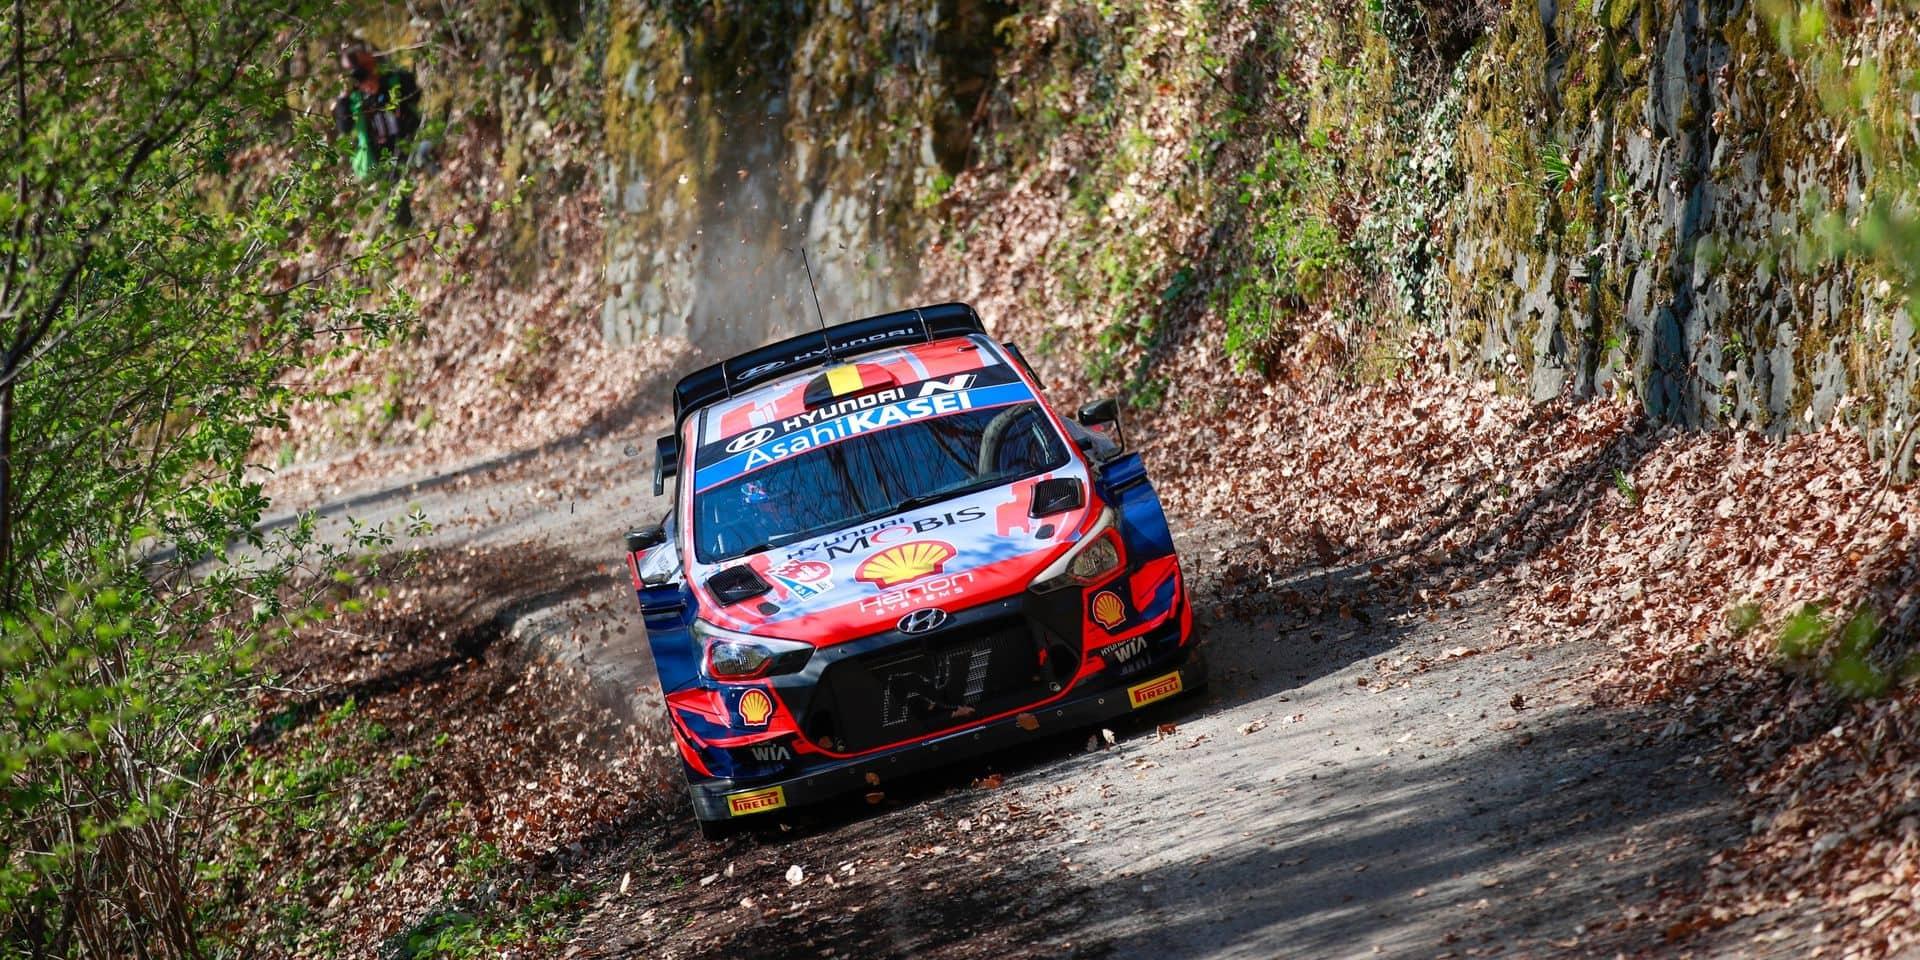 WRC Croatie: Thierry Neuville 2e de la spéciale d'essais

-=-=-

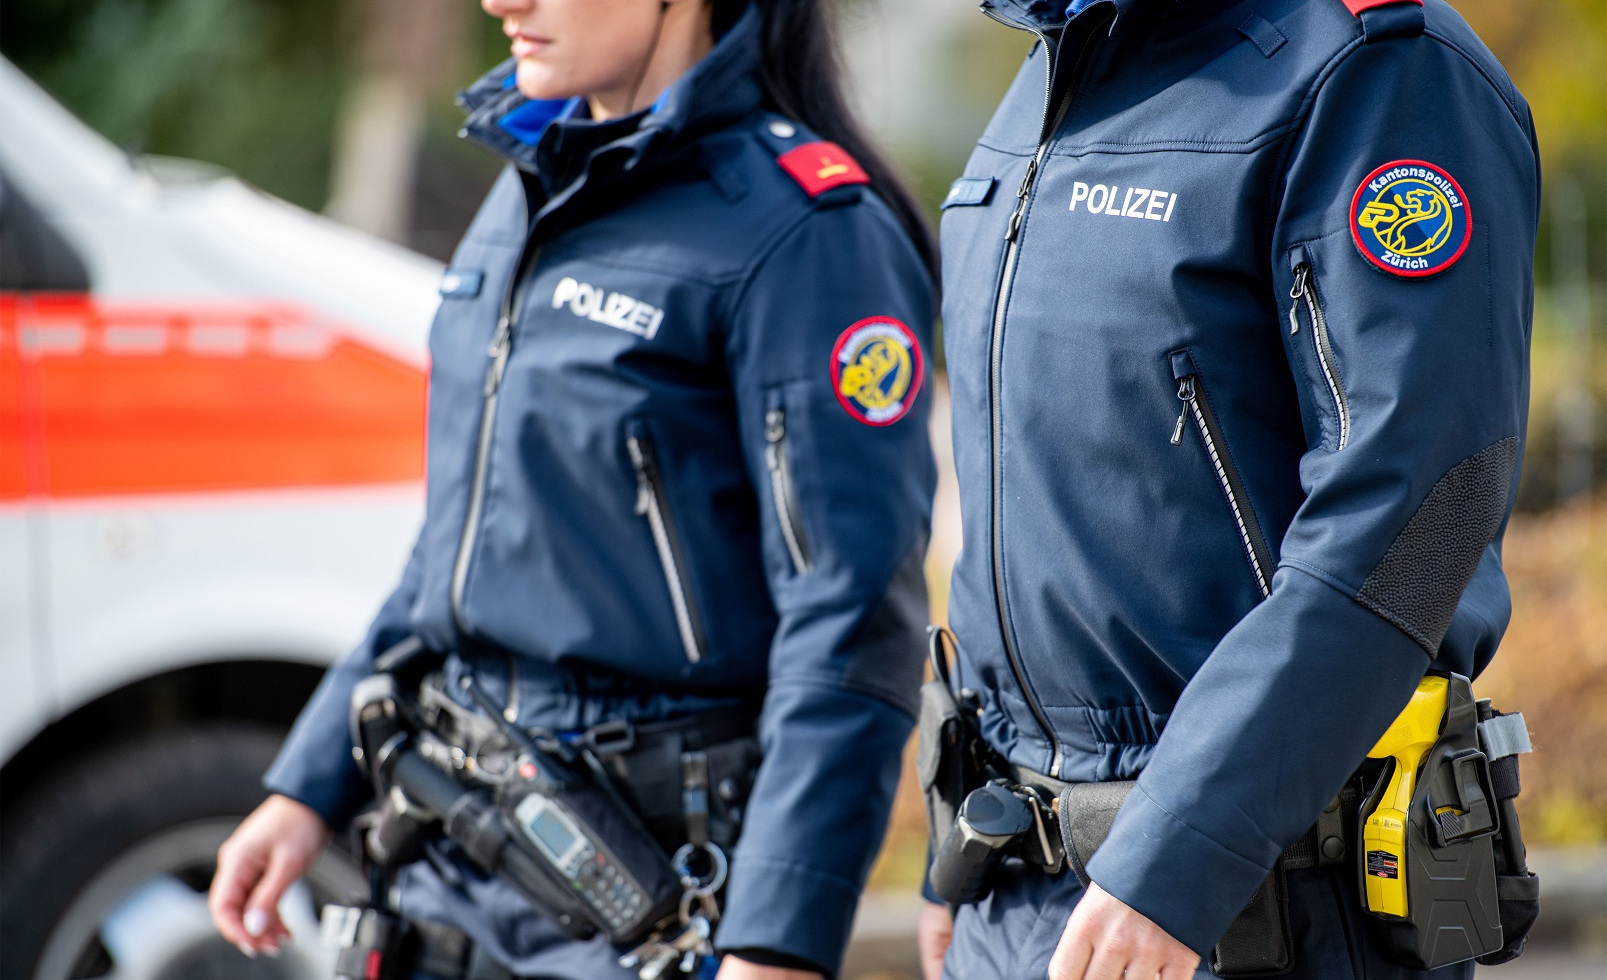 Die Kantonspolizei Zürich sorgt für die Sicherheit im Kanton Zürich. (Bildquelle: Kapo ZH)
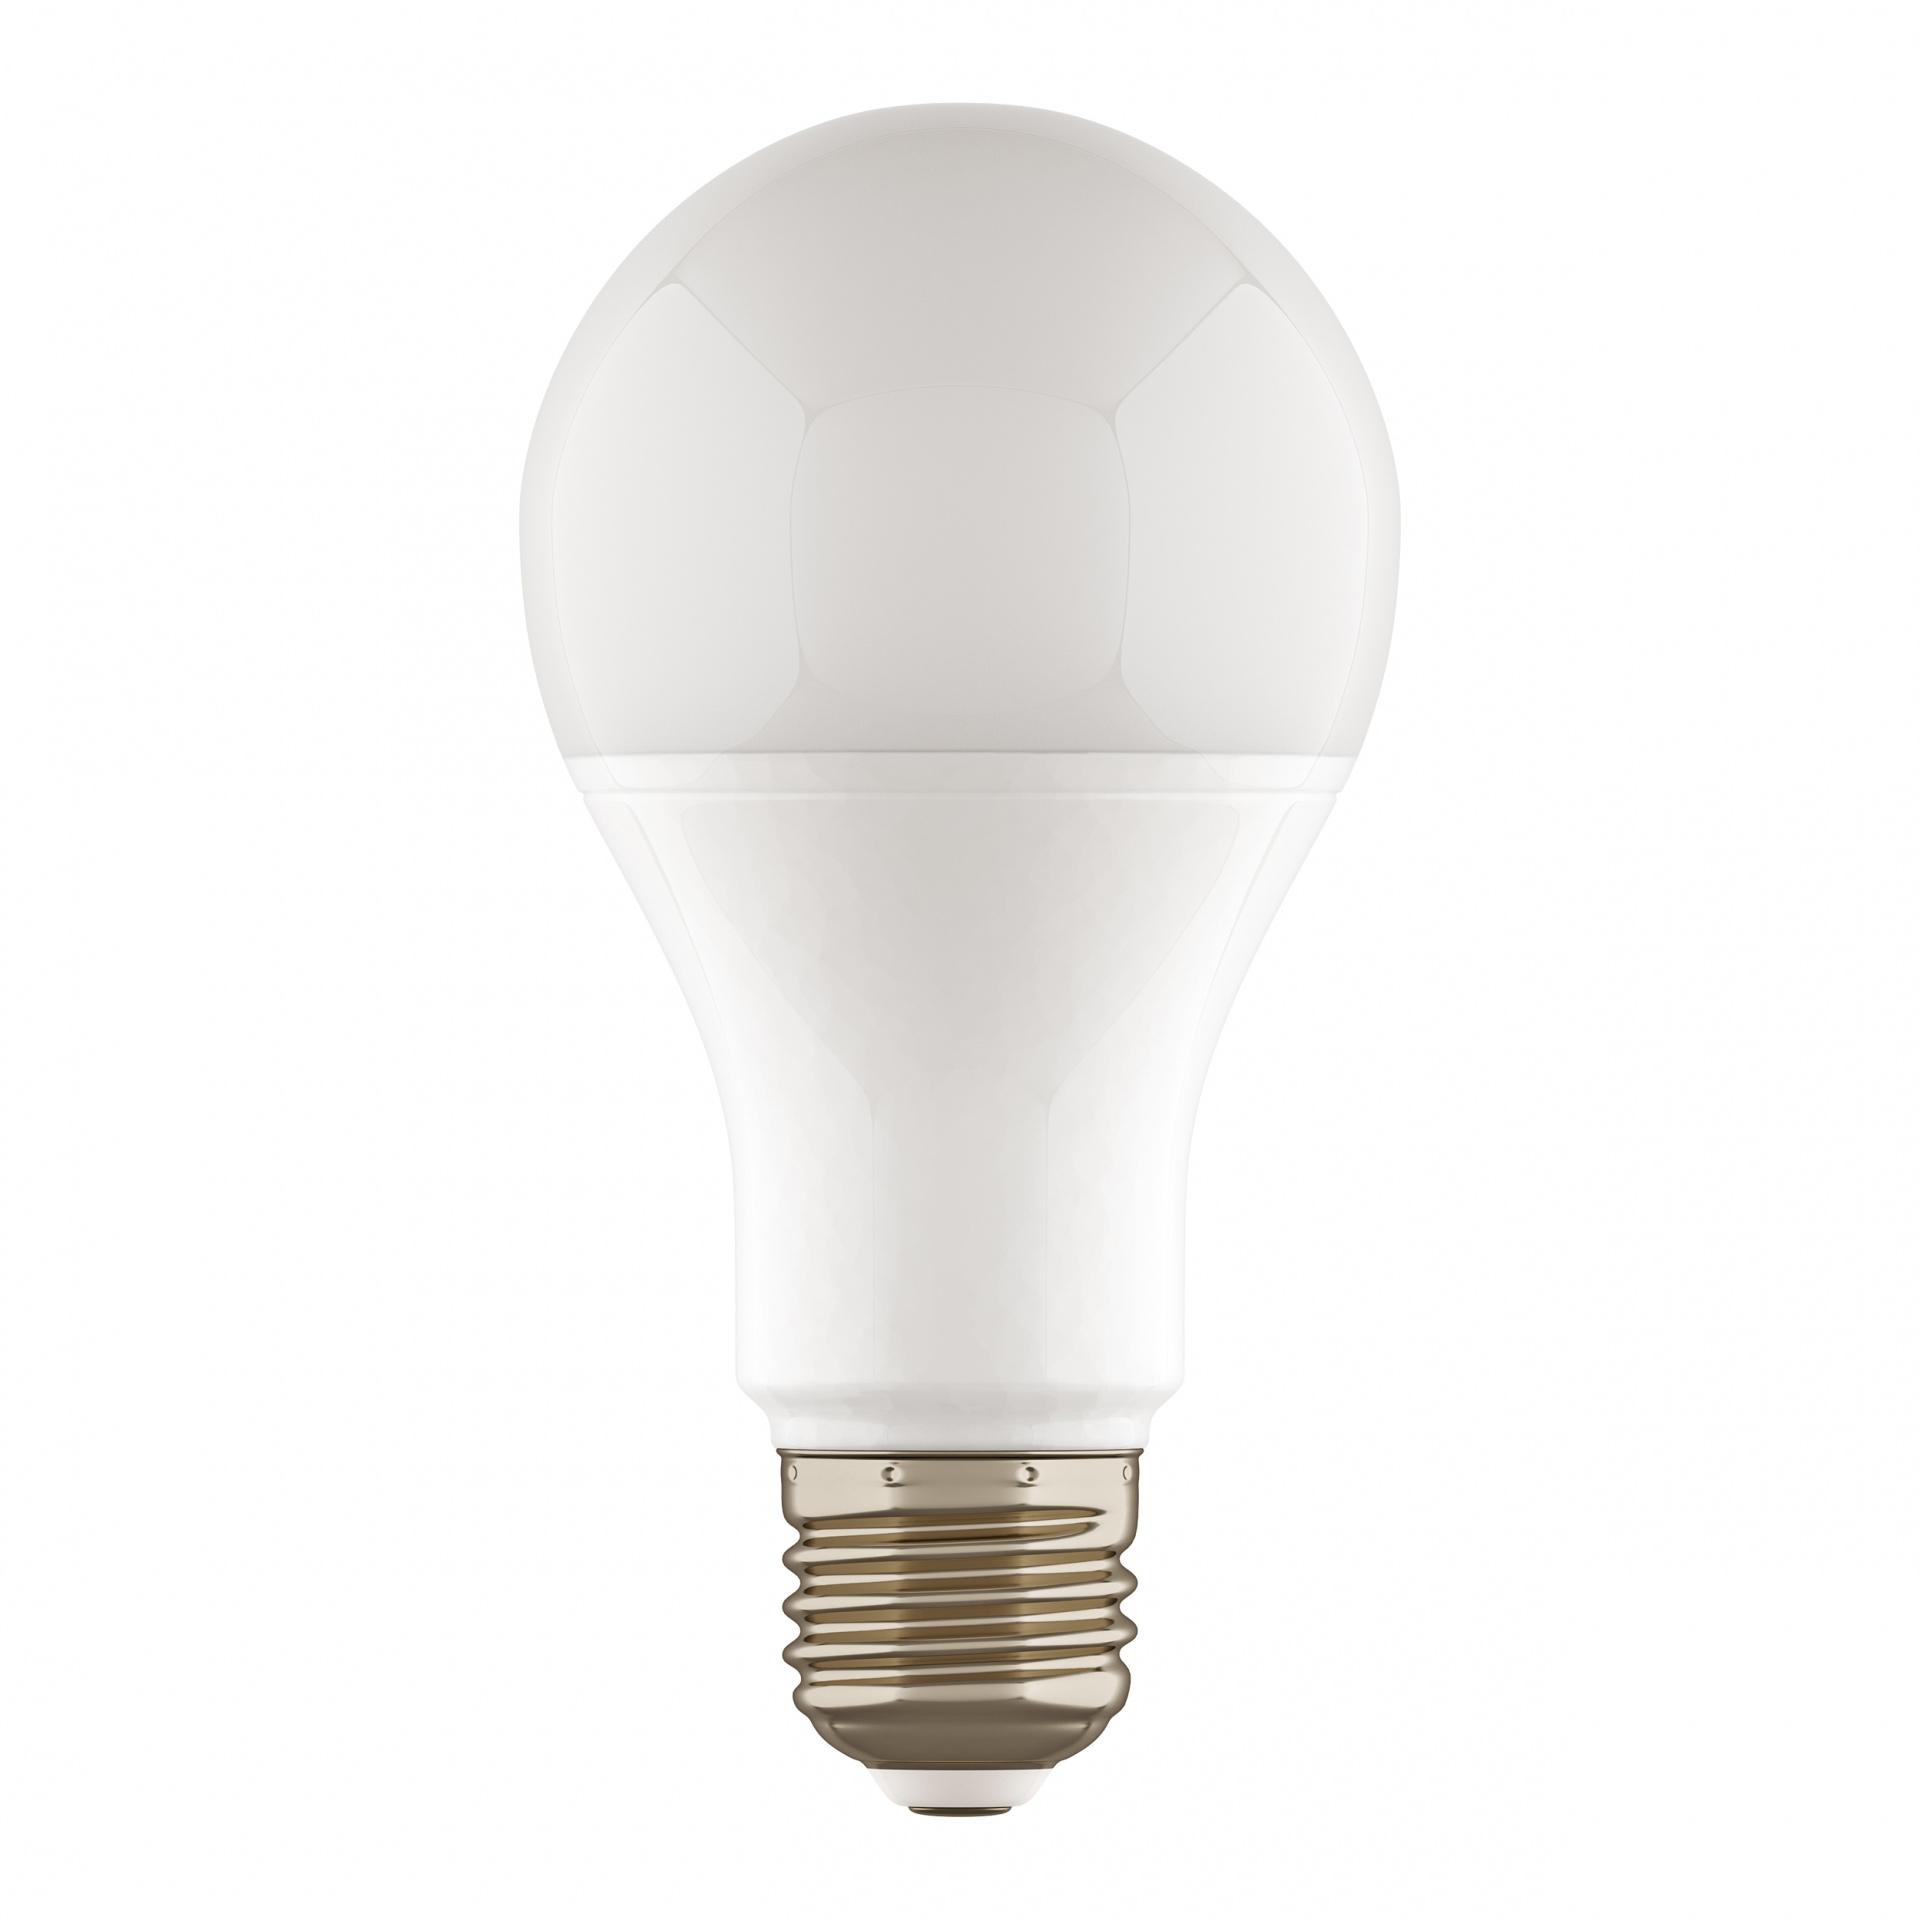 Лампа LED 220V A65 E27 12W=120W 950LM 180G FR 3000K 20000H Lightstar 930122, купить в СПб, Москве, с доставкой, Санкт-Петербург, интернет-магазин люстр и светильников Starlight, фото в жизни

-=-=-

Exercise directions:
Look above and copy only the lines from the one holding "Die Kantonspolizei Zürich" to the one holding "Лампа LED 220V", both included, exactly, minus the pictures.

Expected answer:
 Die Kantonspolizei Zürich sorgt für die Sicherheit im Kanton Zürich. (Bildquelle: Kapo ZH)
 Лампа LED 220V A65 E27 12W=120W 950LM 180G FR 3000K 20000H Lightstar 930122, купить в СПб, Москве, с доставкой, Санкт-Петербург, интернет-магазин люстр и светильников Starlight, фото в жизни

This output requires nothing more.